Building a successful product means knowing your users and building your product with them in mind. Unfortunately, many times this is overlooked. As a result, product teams make assumptions and their products end up unintentionally being geared toward them, instead of the end user. This problem can easily be solved though by simply by integrating user experience (UX) practices such as personas, and user testing. To demystify and simplify these integral processes and encourage others to integrate them into their work, we’ll dive into why they’re important, what they are and how to you can implement them, here and within future blog posts.

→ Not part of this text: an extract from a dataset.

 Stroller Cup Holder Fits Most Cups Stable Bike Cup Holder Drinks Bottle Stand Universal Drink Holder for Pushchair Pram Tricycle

If you don’t have an understanding of your users and their lives, how do you know what technology they have, what kind of internet may or may not be available or even if they have a need for the tool you’re building? People’s lives, wants and needs are all so different that knowing exactly what will serve those needs is incredibly hard without asking your audiences the right questions.

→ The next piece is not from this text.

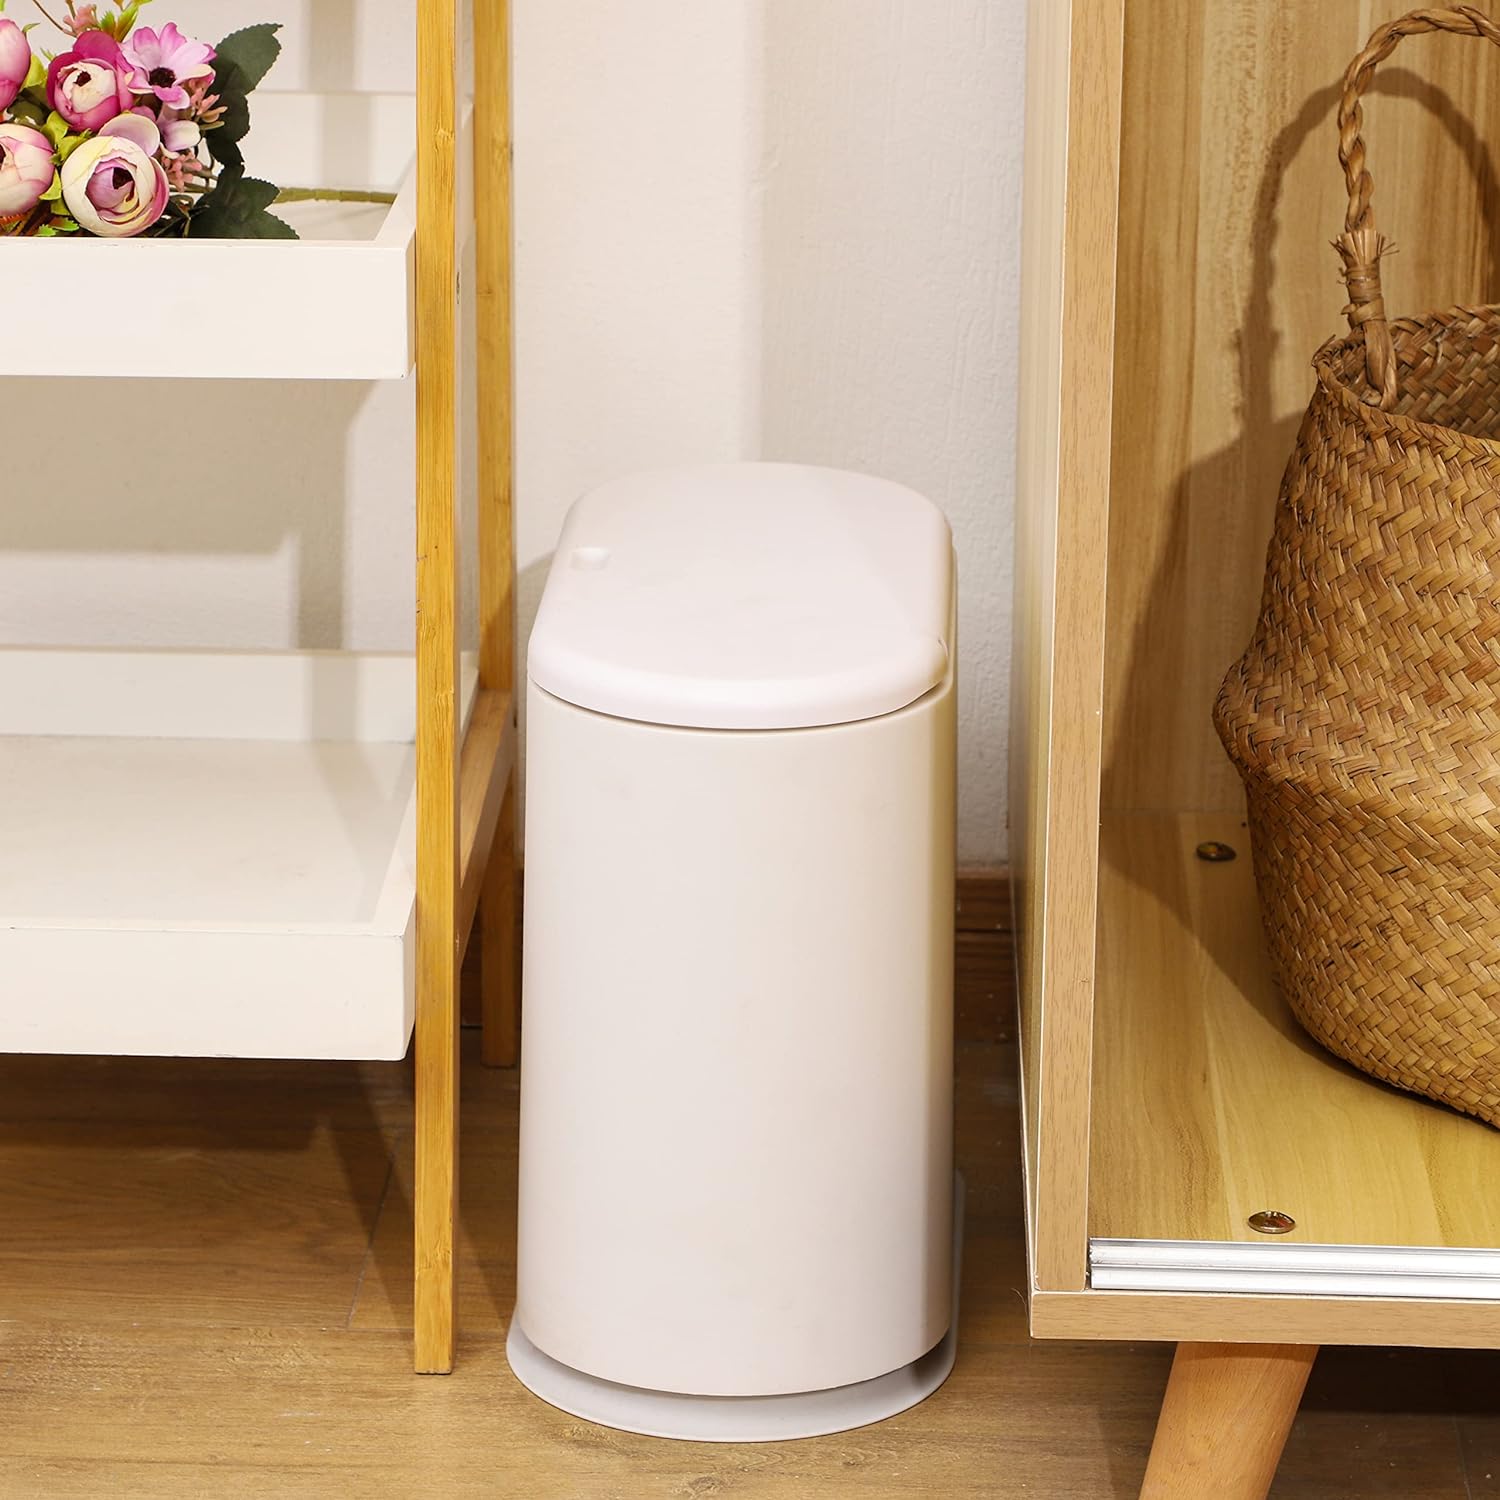 Best garbage can for narrow spaces

Being able to ask and get meaningful answers to these questions doesn’t have to be hard or time consuming: it just involves integrating research, care and empathy into each and every project. Here at Development Seed, we do this by building purposeful UX design practices into our projects up front, so that we’re thinking about and building for our users throughout the life of a project. Because we have a great understanding of our users from the beginning, it saves us time from potentially having to rebuild large parts of the product down the road. Also, knowing what our users want allows us to make informed design decisions, making this process easier and more staightforward.

Of course every project that we do is different but the two UX practices we feel are the most integral, and would like to cover, are personas and user testing.

PersonasPersonas are archetypes of who the users of your platform will be. There are many different methods for figuring out who your users are and/or who they should be, from google analytics to ethnographic research. Whichever you choose, building personas allows you to more deeply consider the lives of your users, be empathic and think about things from their perspective, making your product better geared toward them.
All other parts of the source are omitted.